§ **Task description**
Copy the data precisely, character for character, and leave out every picture.

§ **Given data**

**********

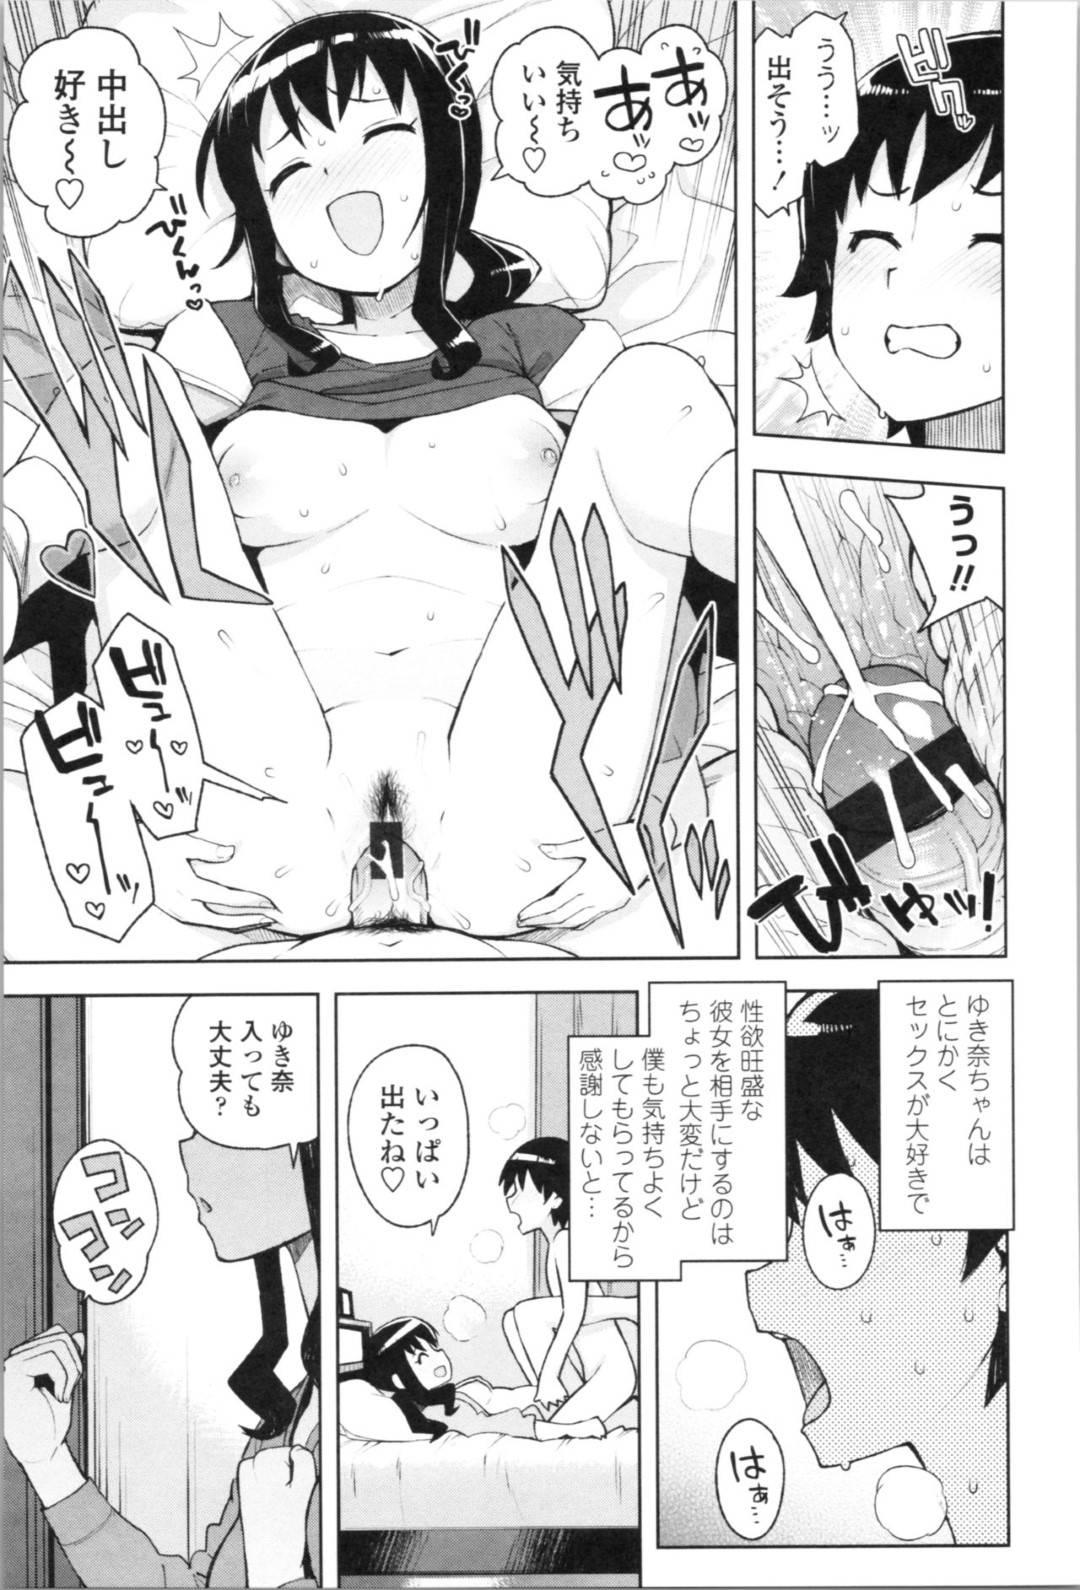 【エロ漫画】友人とセックスしているところを見られた事がきっかけでその友人の母とセックスする事になった主人公。部屋で二人きりになって発情した彼女は戸惑う彼にムチムチボディで誘惑し、尻を突き出してフェラし、中出しセックスまでおねだりする!
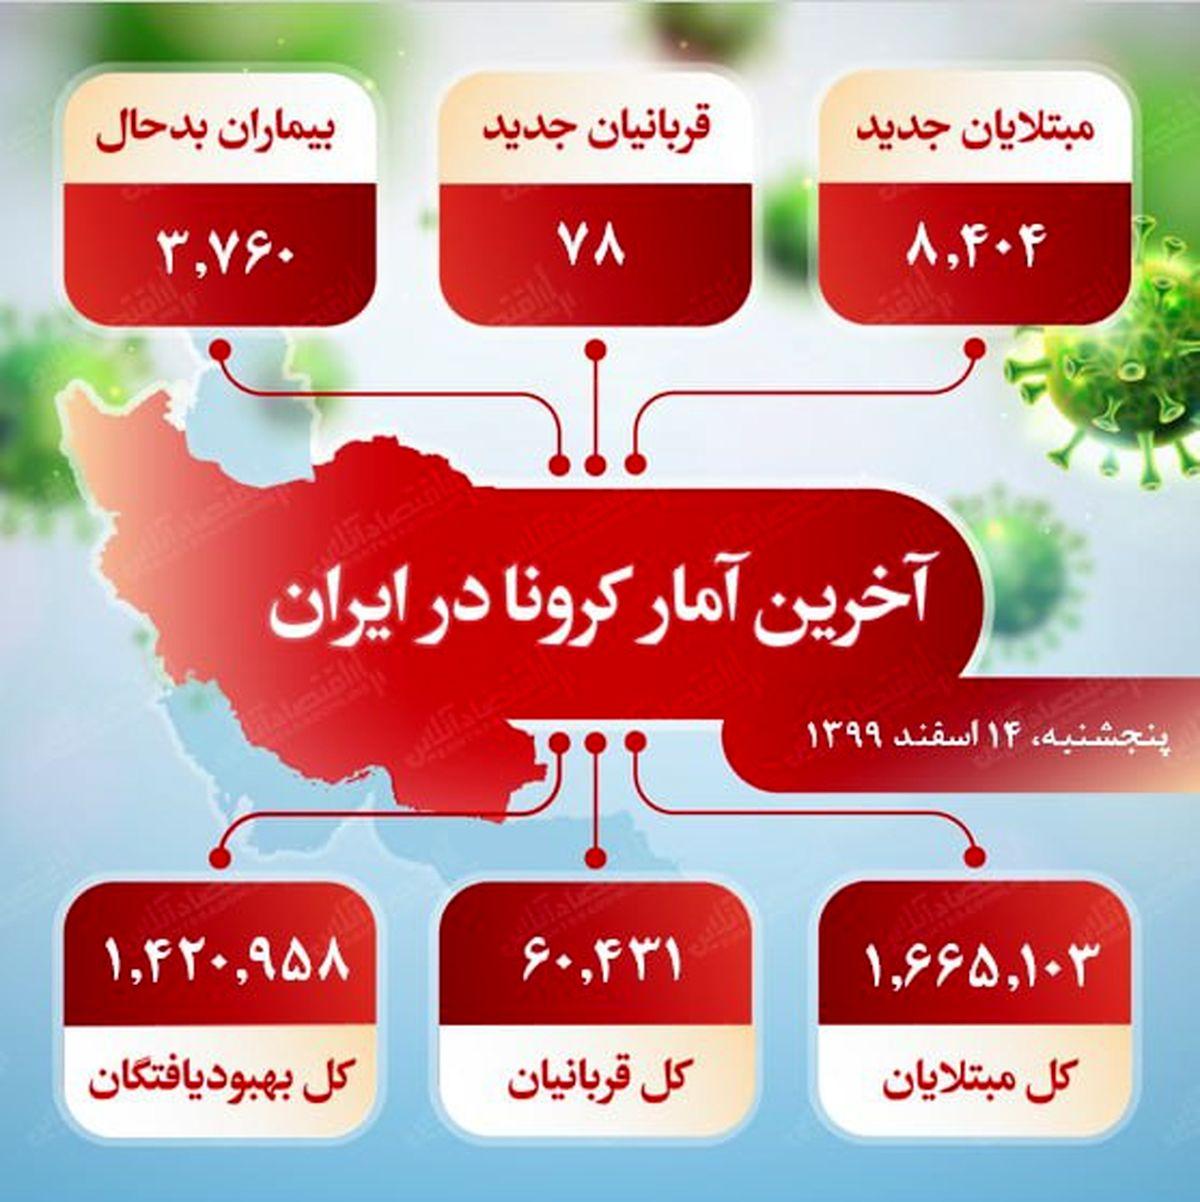 آخرین آمار کرونا در ایران (۹۹/۱۲/۱۴)
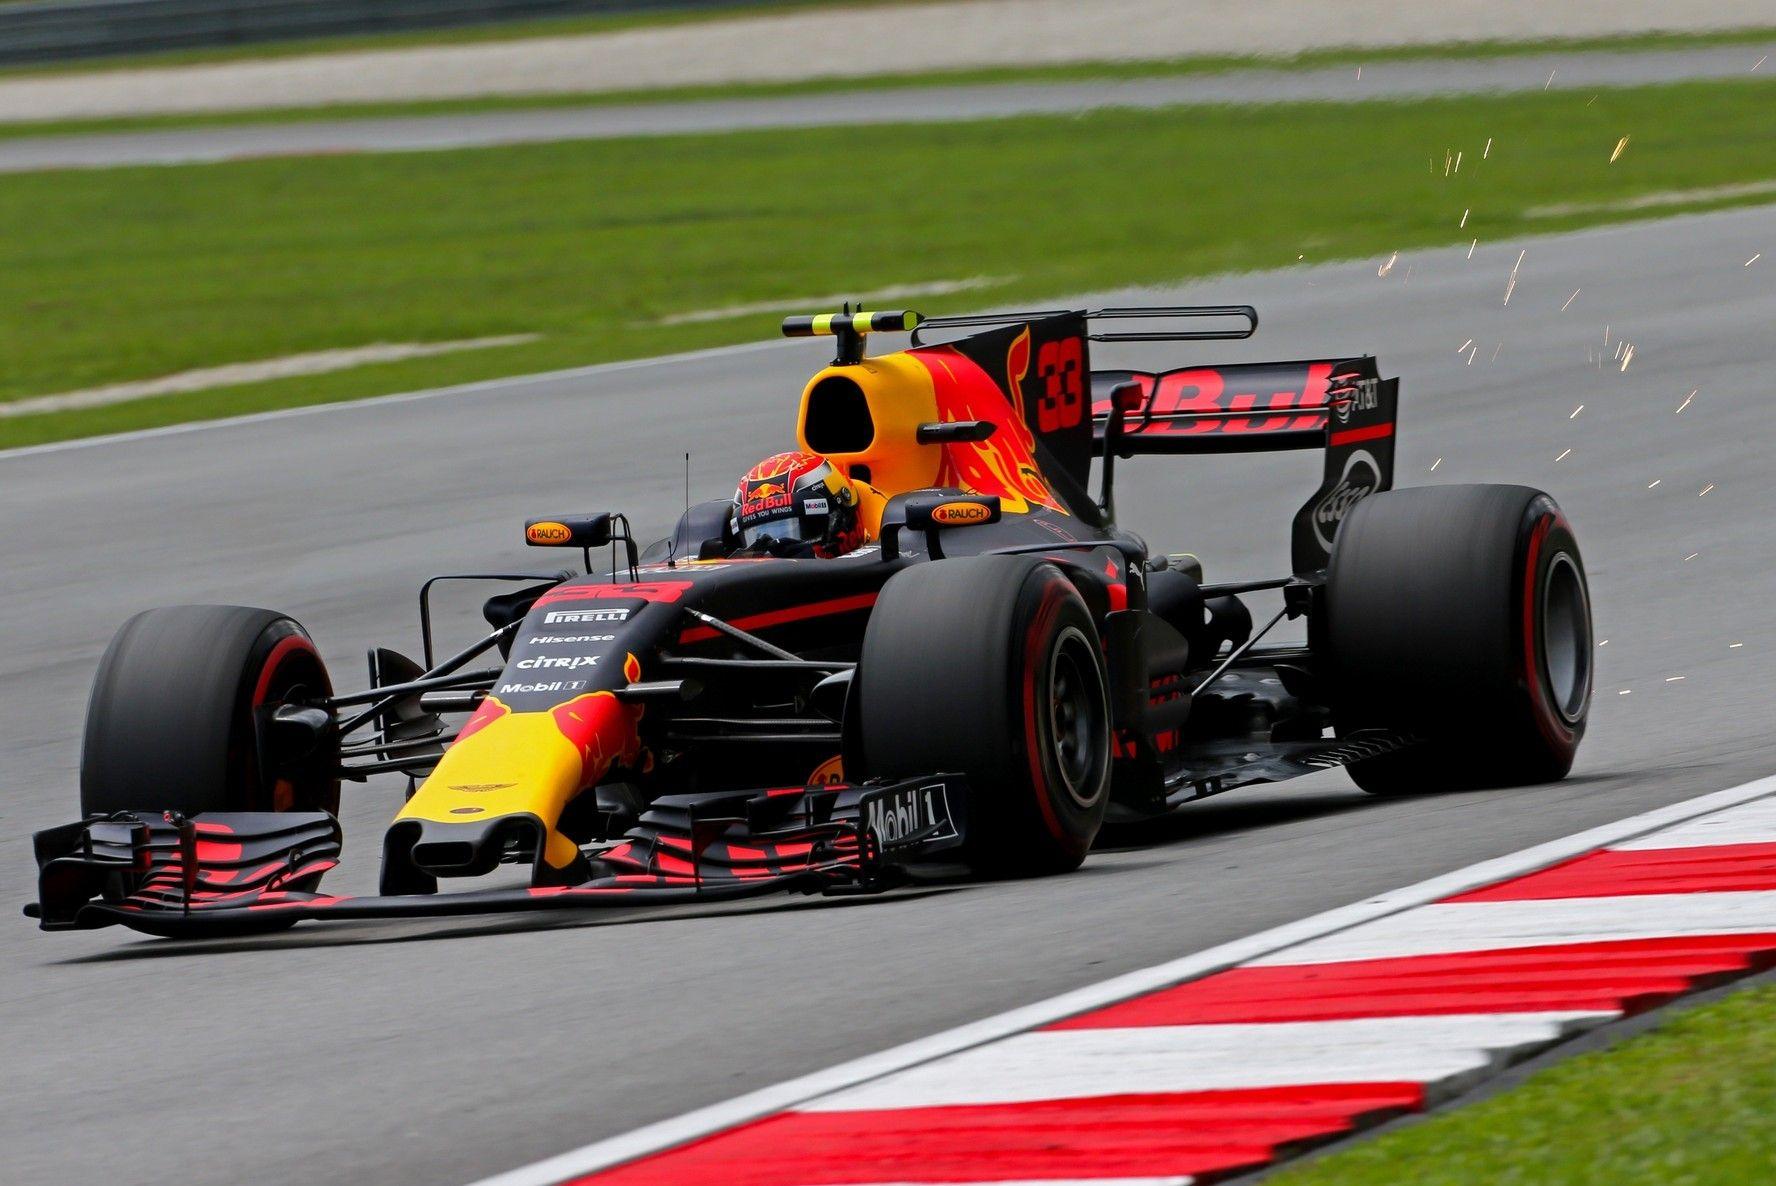 Pagelle del Gran Premio della Malesia 2017

**********

§ **Final answer**
 【エロ漫画】友人とセックスしているところを見られた事がきっかけでその友人の母とセックスする事になった主人公。部屋で二人きりになって発情した彼女は戸惑う彼にムチムチボディで誘惑し、尻を突き出してフェラし、中出しセックスまでおねだりする!
 آخرین آمار کرونا در ایران (۹۹/۱۲/۱۴)
 Pagelle del Gran Premio della Malesia 2017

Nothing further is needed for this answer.